I used results of benchmarks for two such algorithms, which I like most,
taken from here:

Vigna, S. (2008). "Broadword implementation of rank/select queries".
Experimental Algorithms: 154–168.

http://en.wikipedia.org/wiki/Succinct_data_structure#cite_ref-vigna2008broadword_6-0


Numbers should be valid for some C/C++ code executed on a machine that
already existed back in 2008. I'm not sure there is a good baseline to
compare. One option would be to benchmark random access to code points
in a UTF-32 string.
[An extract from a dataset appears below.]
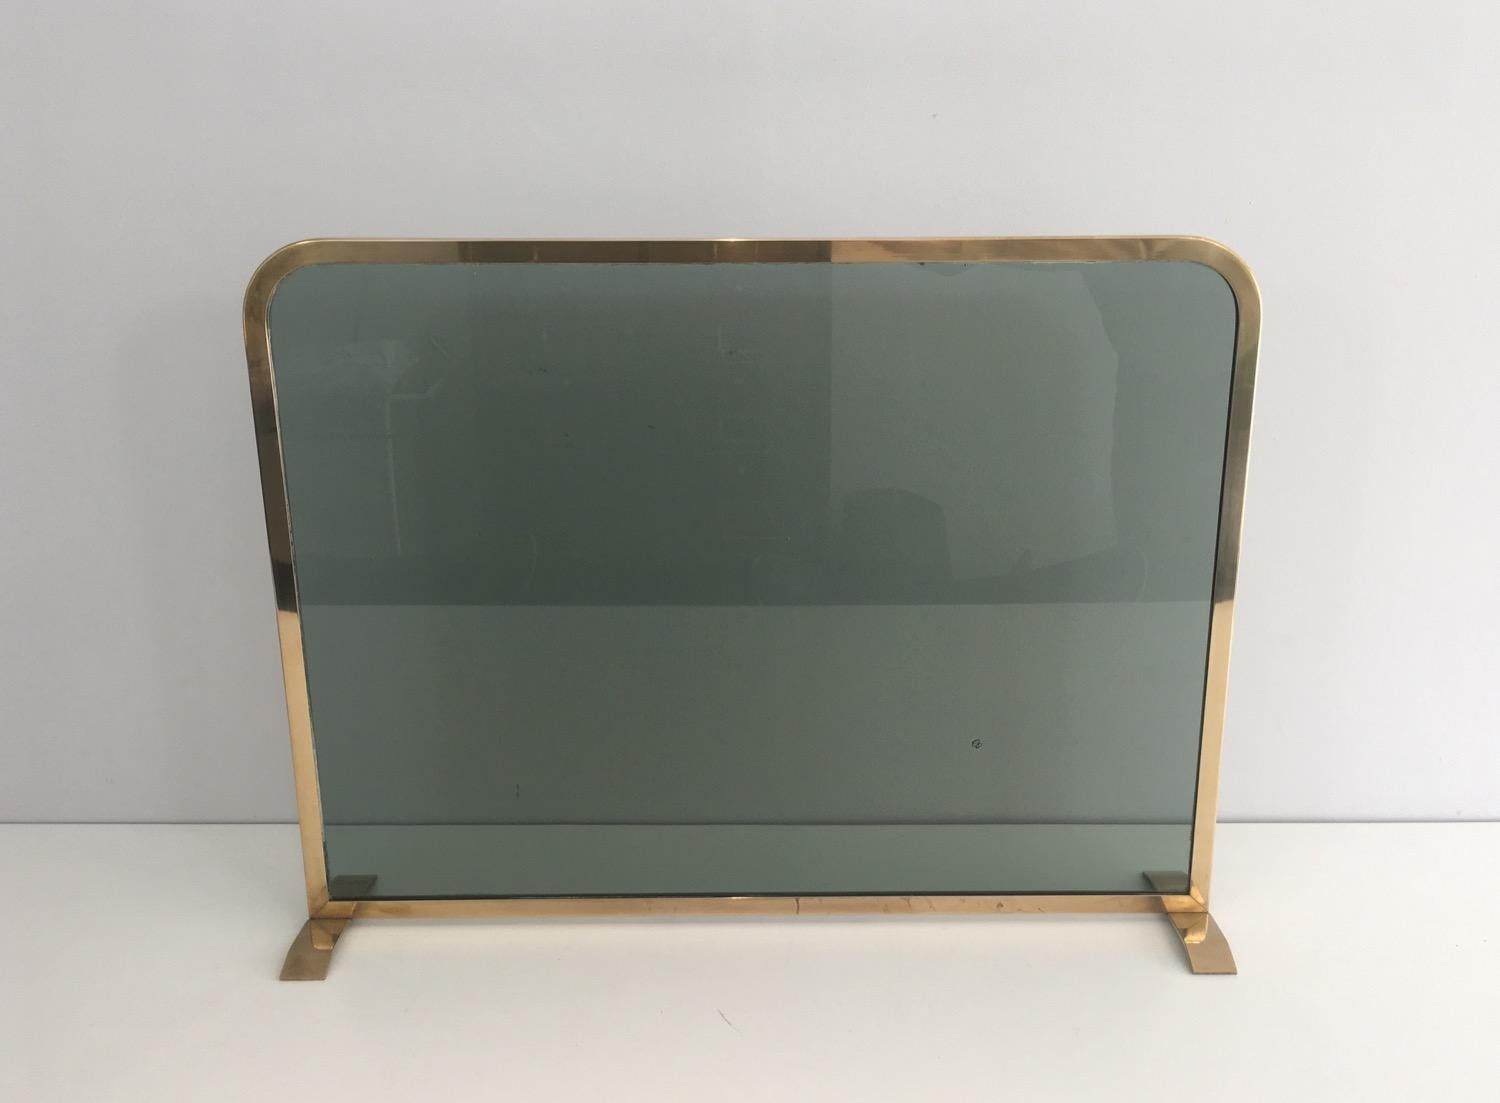 Brass and tempered glass fire place screen, circa 1970.

I also don't know about any D implementations of
these algorithms, thus cannot predict how they would behave against
dstring random access.

But your statement that these timings say nothing is not fair, because
they can be used to conclude that this speed should be enough for most
practical use cases, especially if those use cases are known.

Well of course I've exaggerated a bit. My point is that mentioning "200 ns!!!" sounds to the uninformed ear as good as "2000 ns" or "20 ns", i.e. "an amount of time so short by human scale, it must mean fast". You need to compare e.g. against random access in an array etc.